È questa l'entità degli abbattimenti contabili che si sta preparando? «No, però fornisce una dimensione del problema – spiega Bini – i principi contabili non impongono l'adeguamento al valore di mercato nell'effettuare gli impairment test quanto una prudente valutazione degli asset immateriali. I principi contabili internazionali Ifrs includono nelle stime anche il valore d'uso di quegli attivi che può essere calcolato con i flussi attualizzati dei ricavi futuri stimati nel business plan. Quel dato si adegua con maggiore lentezza all'andamento dei mercati.
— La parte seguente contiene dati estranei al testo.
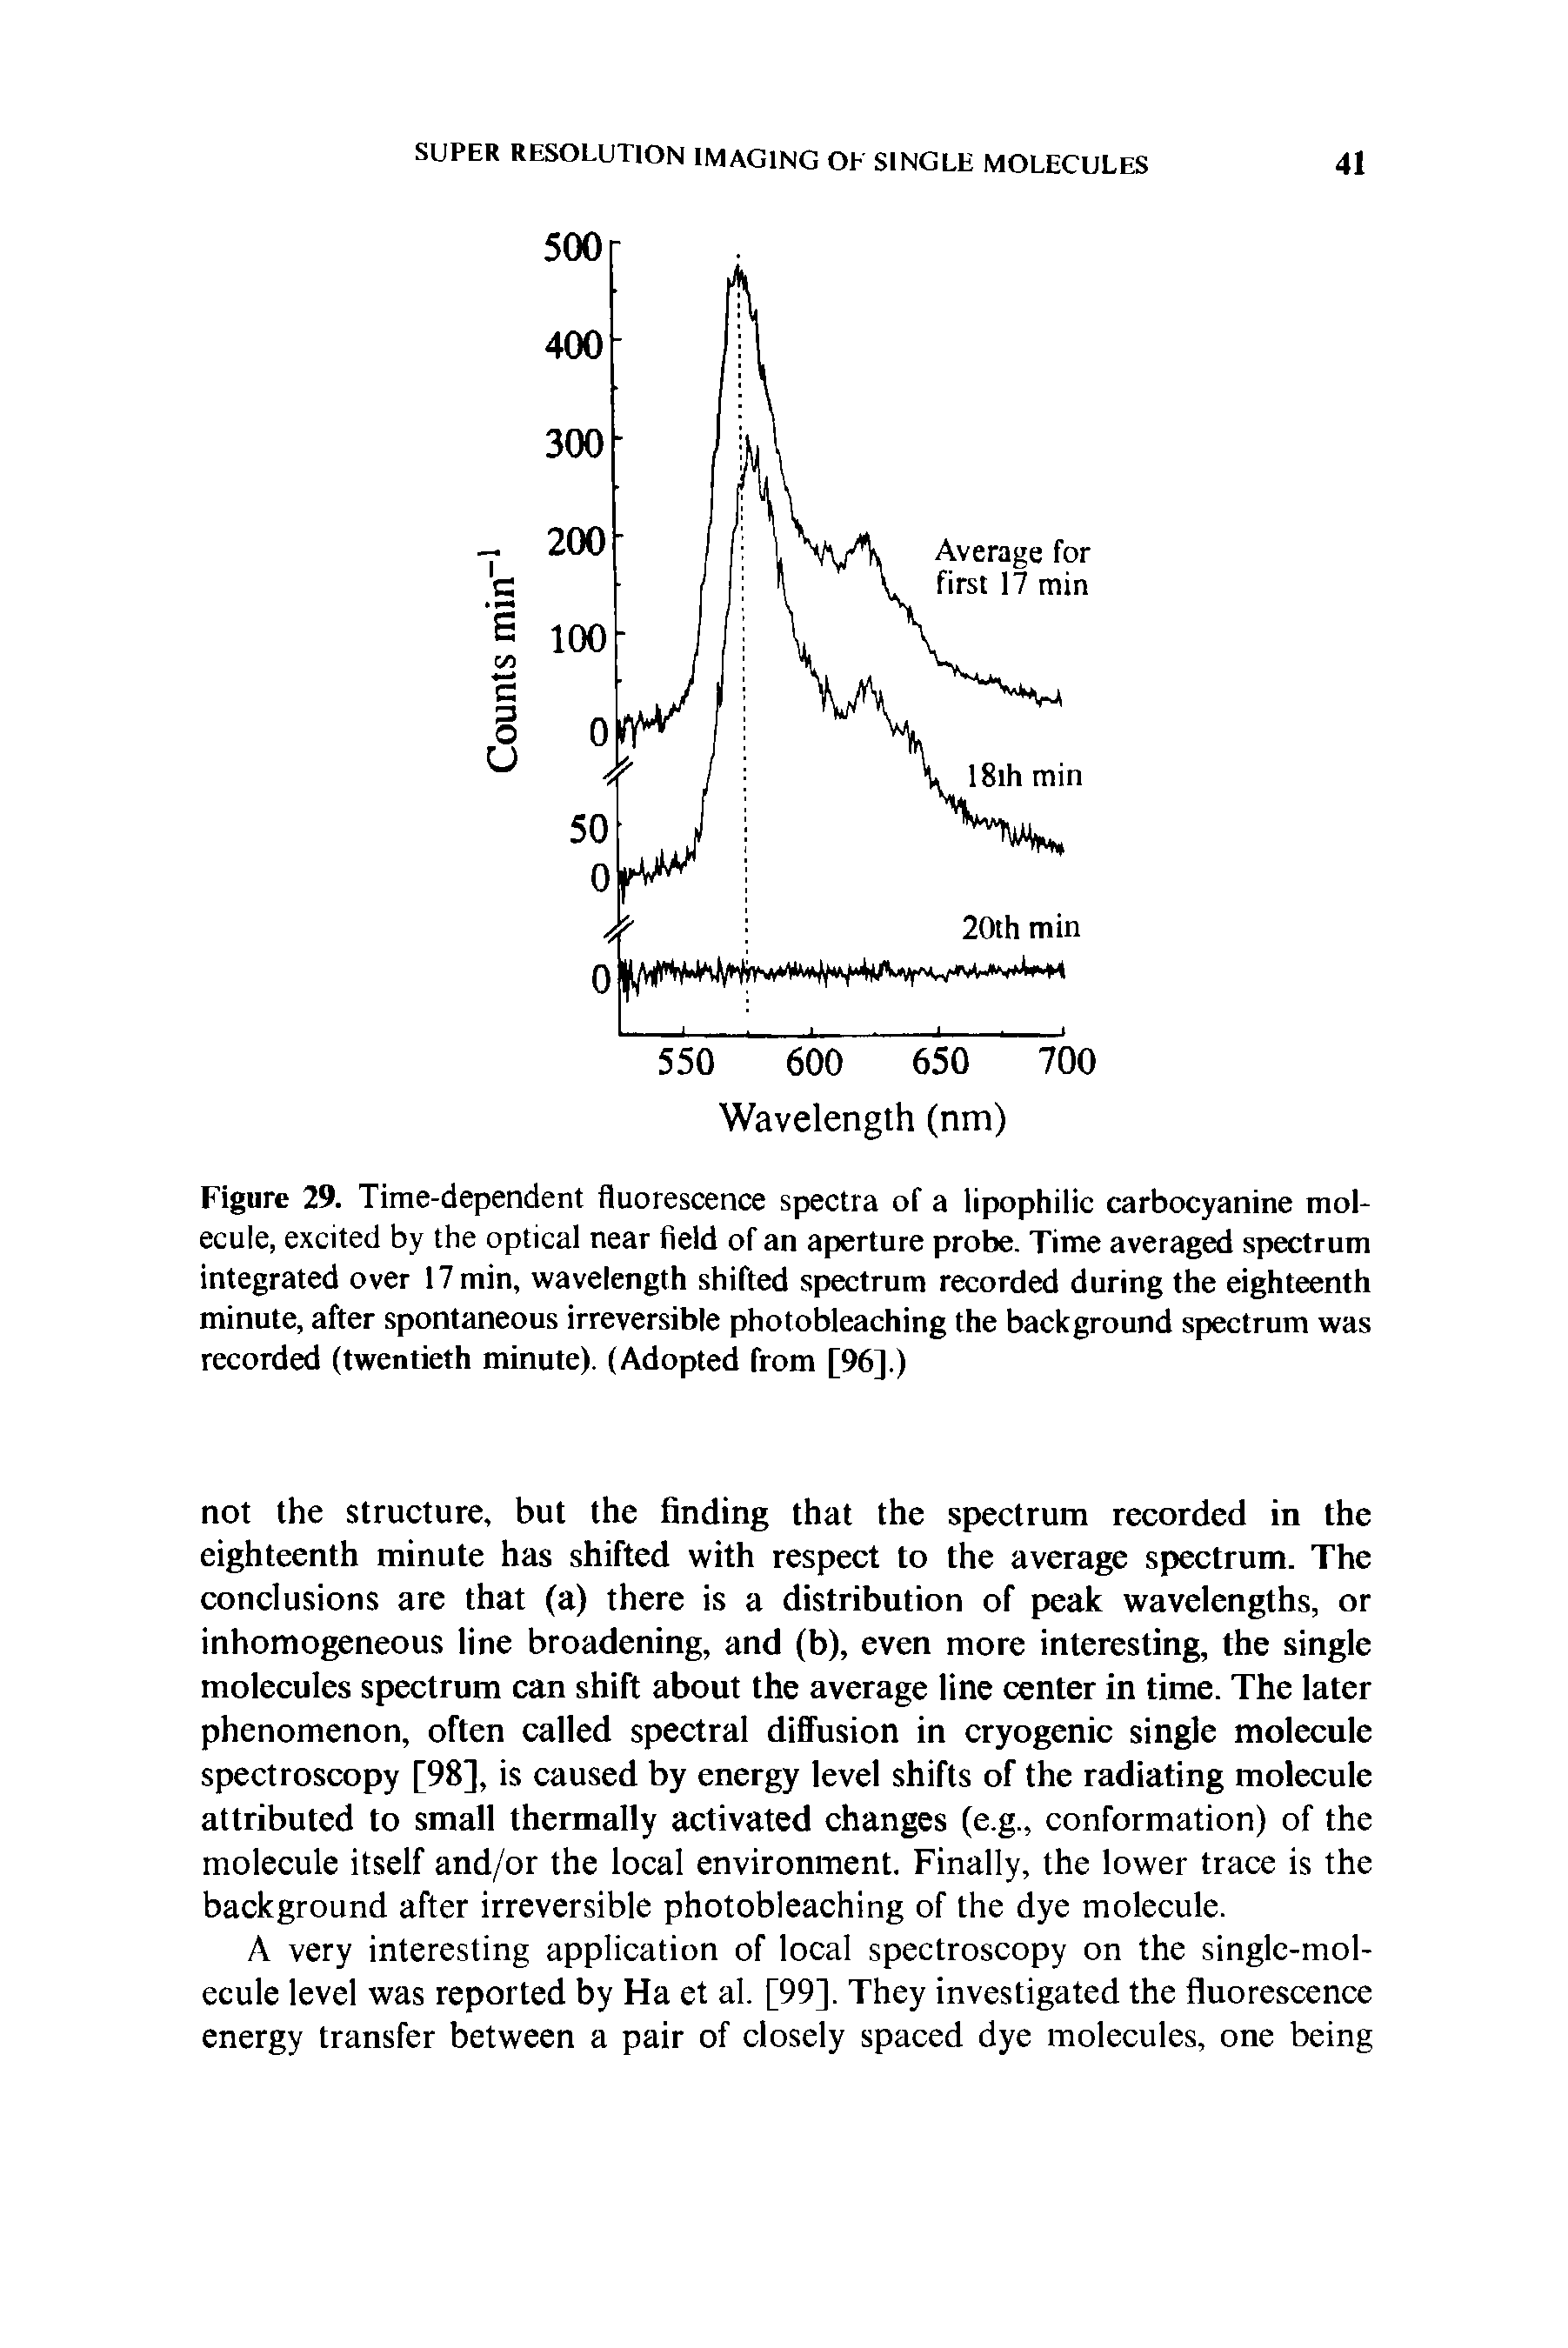 Figure 29. Time-dependent fluorescence spectra of a lipophilic carbocyanine molecule, excited by the optical near field of an aperture probe. Time averaged spectrum integrated over 17 min, wavelength shifted spectrum recorded during the eighteenth minute, after spontaneous irreversible photobleaching the background spectrum was recorded (twentieth minute). (Adopted from [96].)...

Certamente se la crisi si aggrava assieme alle previsioni economiche anch'esso è destinato a deteriorarsi».
In ogni caso dopo che la partita degli attivi immateriali si è continuamente dilatata negli anni scorsi, non bisogna cadere – prosegue Bini – nell'eccesso opposto del big bath (come lo chiamano in Usa), cioè di un drastico "bagno di sangue" delle poste patrimoniali. «Ciò che veramente importa è uno standard qualitativo elevato, far conoscere la metodologia che si utilizza prima di effettuare gli impairment test e ponderare con attenzione la rischiosità del proprio business. Le nostre linee guida si propongono appunto di aiutare le società in questo cammino». Il peso del goodwill nel bilancio patrimoniale delle società nasce nel 2005 con l'introduzione dei principi contabili internazionali. In precedenza l'avviamento – la differenza di valore tra gli asset "materiali" incamerati con un'acquisizione o una fusione e il prezzo di acquisto effettivamente pagato per un'entità – era considerato un costo da ammortizzare annualmente. Con gli Ifrs è diventato a pieno titolo un asset con il quale si esprime la potenzialità di crescita di una società acquisita o incorporata.
Quando i nuovi principi contabili sono entrati in vigore le imprese avrebbero potuto sterilizzare quel goodwill nei loro conti economici ma, in quel contesto di mercati in crescita, quasi nessuno le fece per avvantaggiarsi di cospicue plusvalenze. A distanza di pochi anni la crisi presenta il conto.